Compromised firmware or other backdoors are a concern for a wide range of products. With IP Cameras, a commonly recommended practice includes putting them on a non-internet accessible network, disabling any remote access, UPnP type features, etc. You can run IP cameras in an air-gapped configuration as well.

Home/consumer-grade cameras have plenty of shortcomings too.

If they are rebadged, that's fine :)
You're going to have to explain the reasoning here
”Analysts noticed that CCTV cameras in Taiwan and South Korea were digitally talking to crucial parts of the Indian power grid – for no apparent reason. On closer investigation, the strange conversation was the deliberately indirect route by which Chinese spies were interacting with malware they had previously buried deep inside the Indian power grid.”
link? i am close to CCTV retailers and dahua and hikvision are only brands of CCTV widely available with two exceptions of "cp plus" and "hawkvision" which are in all lilkelihood rebranded or made in china products.
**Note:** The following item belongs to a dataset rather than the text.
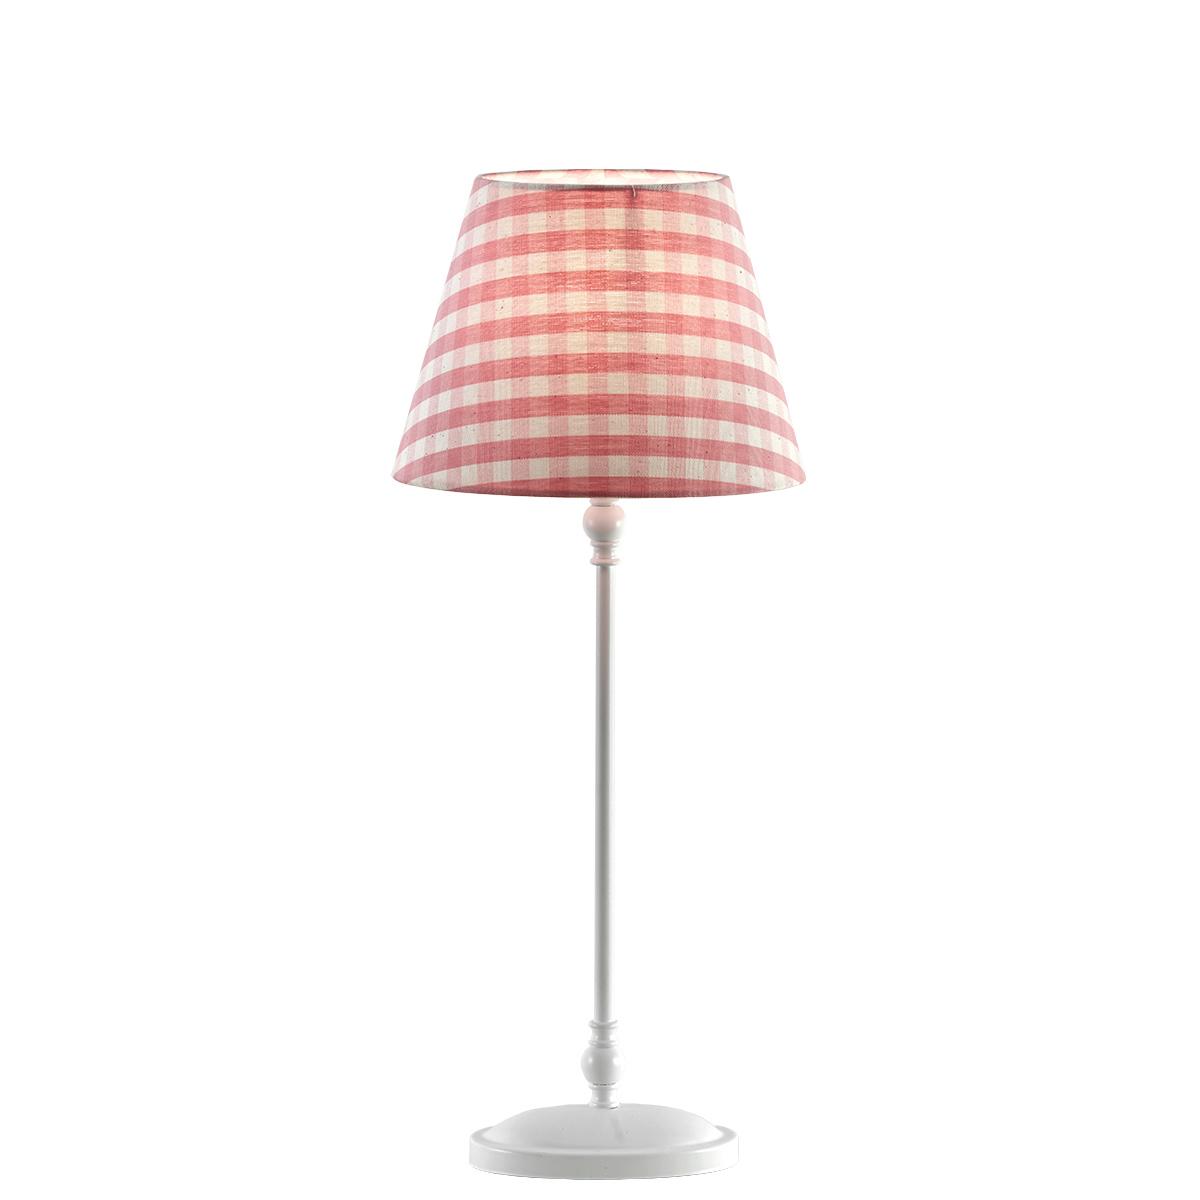 Παιδικό φωτιστικό επιτραπέζιο με ροζ καρό καπέλο BIANCO kids table lamp

https://www.amazon.in/s?k=cctv+system+4+channel

so what are your options? i have been contemplating getting a door phone + cctv for my home for the past so many years but problems like these prevent me from investing into an ecosystem.
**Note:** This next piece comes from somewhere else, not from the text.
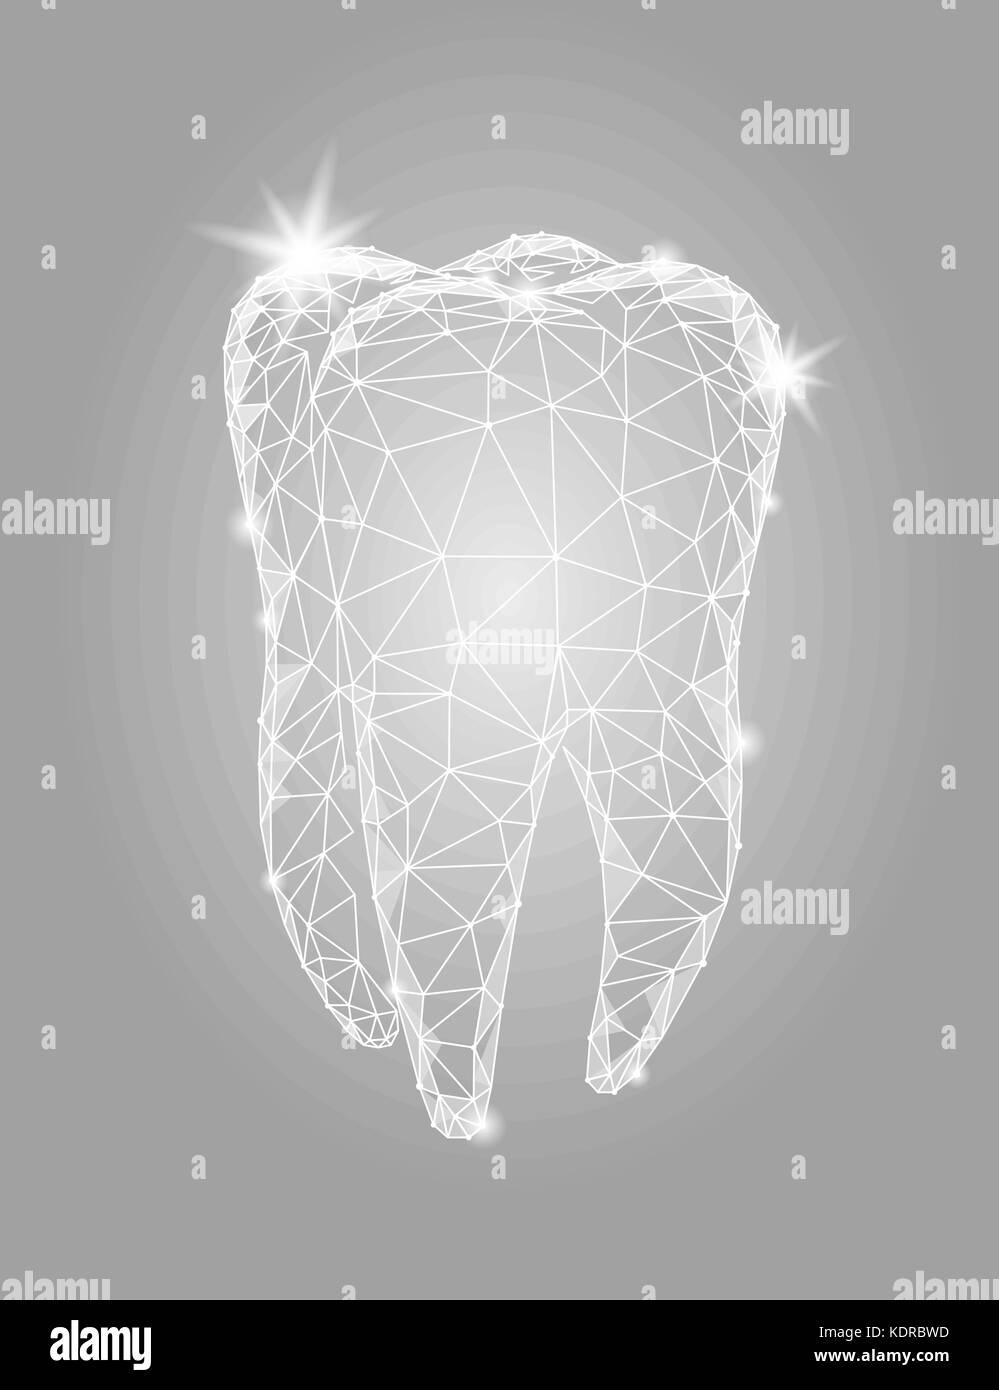 Illustration Human Tooth Structure Stockfotos & Illustration Human ...

edit: oh. looks like pager attacks has their attention now.

https://trak.in/stories/pager-bombs-govt-can-ban-chinese-cct...

i guess time will tell and then there is lobbying so yeah

> are in all lilkelihood rebranded or made in china products

IPVM did all the legwork on this a while ago and unconvered that, not that surprisingly, two and a half OEMs (including Dahua and Hikvision) are manufacturing essentially every not-completely-garbage CCTV camera coming out of china, and a bunch that very explicitly claimed to not come out of china.

Could you elaborate? What’s up with those brands?
I can recommend the Axis brand. Very user friendly while power user friendly as well, true local offerings. I personally bought mine used, it's an older model, and even then, it holds up really well.
+1 for Axis
Default yolo models are stuck at 640x640, so literally any camera that is at least capable of that resolution. Llava I believe is about the same. You'd need ubuntu and something that can run a llava model in vaguely real time, so a 4090/4080.